Mark answers all those questions in this book. He starts with some of the deepest documentation on DRb and Rinda that anyone has ever read. He then follows with coverage of the various Ruby libraries that depend on those building blocks, always keeping in mind the practical applications of all of them. He covers assembling cloud-based servers to handle background processing, one of today’s hottest topics in systems architecture. Finally, he covers the Rails-specific libraries BackgrounDRb and Delayed Job and teaches you when and how to use each.

Ultimately, one of my most pleasant surprises and one of the reasons that I think Mark is an up-and-coming superstar of the Ruby community is the hard work, productivity, and fastidiousness that he demonstrated while writing this book. Over the course of the spring and summer of this year, Mark delivered chapters and revisions week after week with clockwork regularity. All with the utmost attention to detail and quality. All packed with knowledge. And most important, all packed with strong doses of his winning personality. It is my honor to present to you the latest addition to our series, Distributed Programming with Ruby.

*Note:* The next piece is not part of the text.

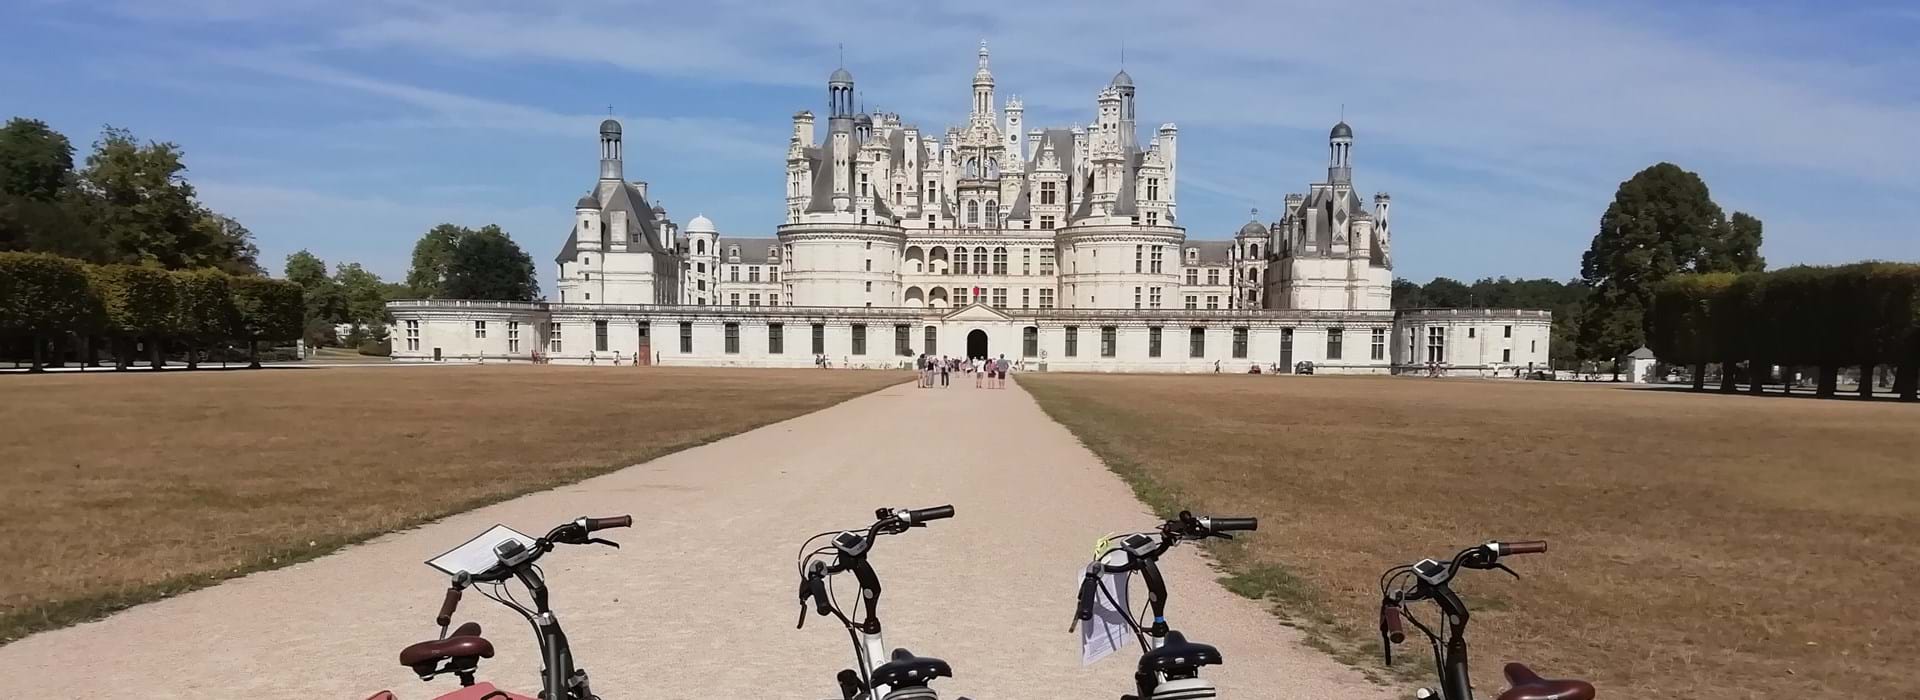 frankrijk loire-kasteel-chambord-met-fietsen-2-2019-051
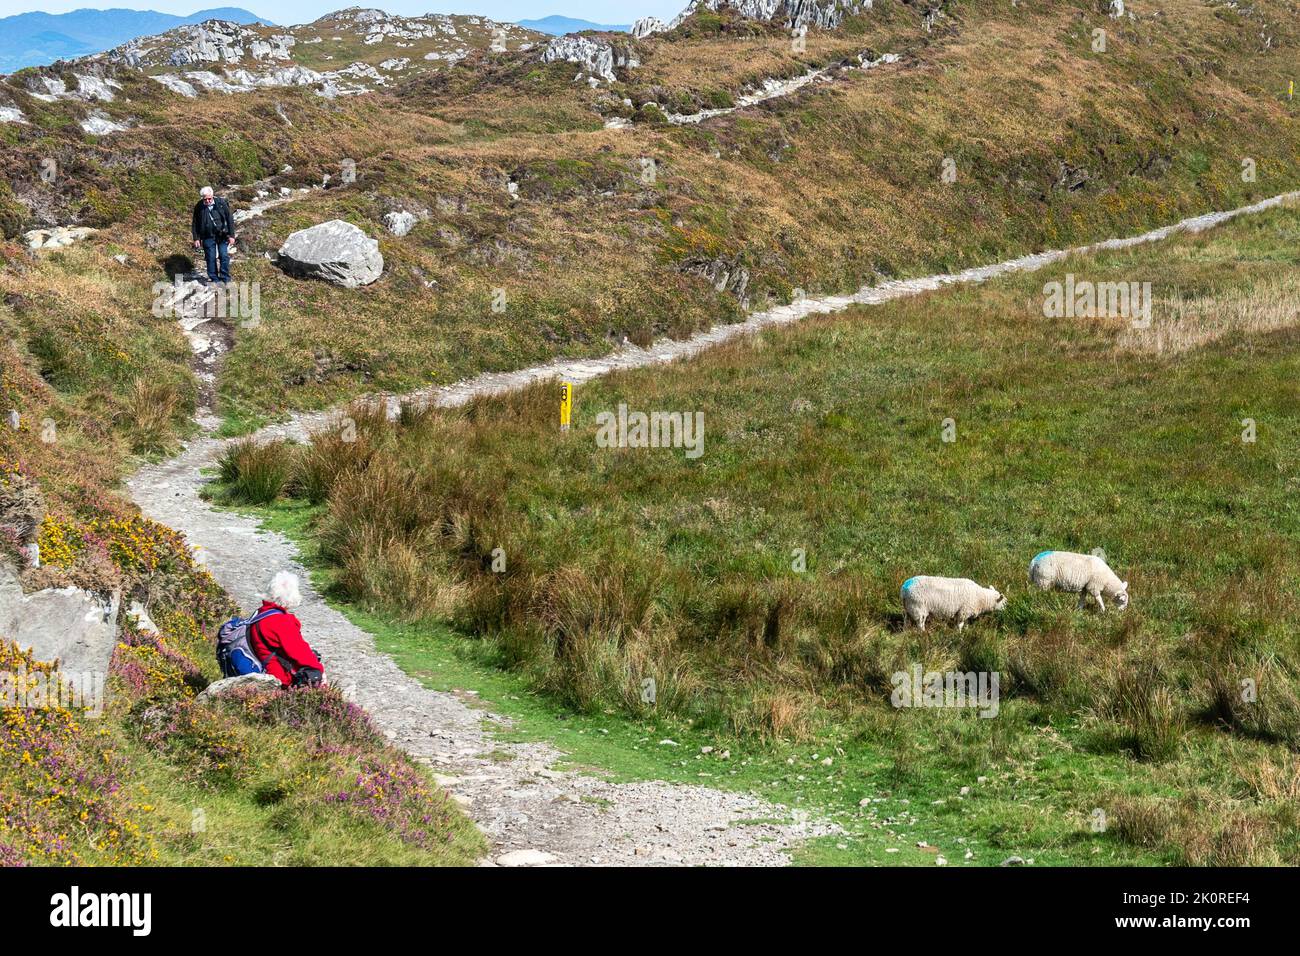 Sheep's Head, West Cork, Irland. 13. September 2022. Der malerische Sheep's Head war heute an einem sonnigen, aber luftigen Tag mit Touristen beschäftigt. Met Éireann hat für den Rest der Woche trockene und warme Tage prognostiziert. Quelle: AG News/Alamy Live News Stockfoto

Obie Fernandez, Series Editor
September 30, 2009

Preface

I first found a need for distributed programming back in 2001. I was looking for a way to increase the performance of an application I was working on. The project was a web-based email client, and I was struggling with a few performance issues. I wanted to keep the email engine separate from the client front end. That way, I could have a beefier box handle all the processing of the incoming email and have a farm of smaller application servers handling the front end of it. That seems pretty easy and straightforward, doesn’t it? Well, the language I was using at the time was Java, and the distributed interface was RMI (remote method invocation). Easy and straightforward are not words I would use to describe my experiences with RMI.

Years later I was working on a completely different project, but I had a not-too-dissimilar problem—performance. The application this time was a large user-generated content site built using Ruby on Rails. When a user wrote, edited, or deleted an article for the site, it needed to be indexed by our search engine, our site map needed to be rebuilt, and the article needed to be injected into the top of our rating engine system. As you can imagine, none of this was quick and simple. You can also probably guess that our CEO wanted all of this to happen as close to real time as possible, but without the end user’s having to wait for everything to get done. To further complicate matters, we had limited system resources and millions of articles that needed to be processed.

I didn’t want to burden our already-overworked applications server boxes with these tasks, so I had to offload the processing to another machine. The question came to be how I could best offload this work. The first idea was to use the database as the transfer mechanism. I could store all the information in the database that these systems would need. Then the machine that was to do the processing could poll the database at a regular interval, find any pending tasks, pull them out of the database, create the same heavy objects I already had, and then start processing them. The problem, as you most likely already know, is that I’m now placing more load on the database. I would be polling it continually, regardless of whether it contained any tasks. If it did have tasks, I would have to pull those records out of the database and use more system resources transforming the records back into those same heavy Ruby objects I already had.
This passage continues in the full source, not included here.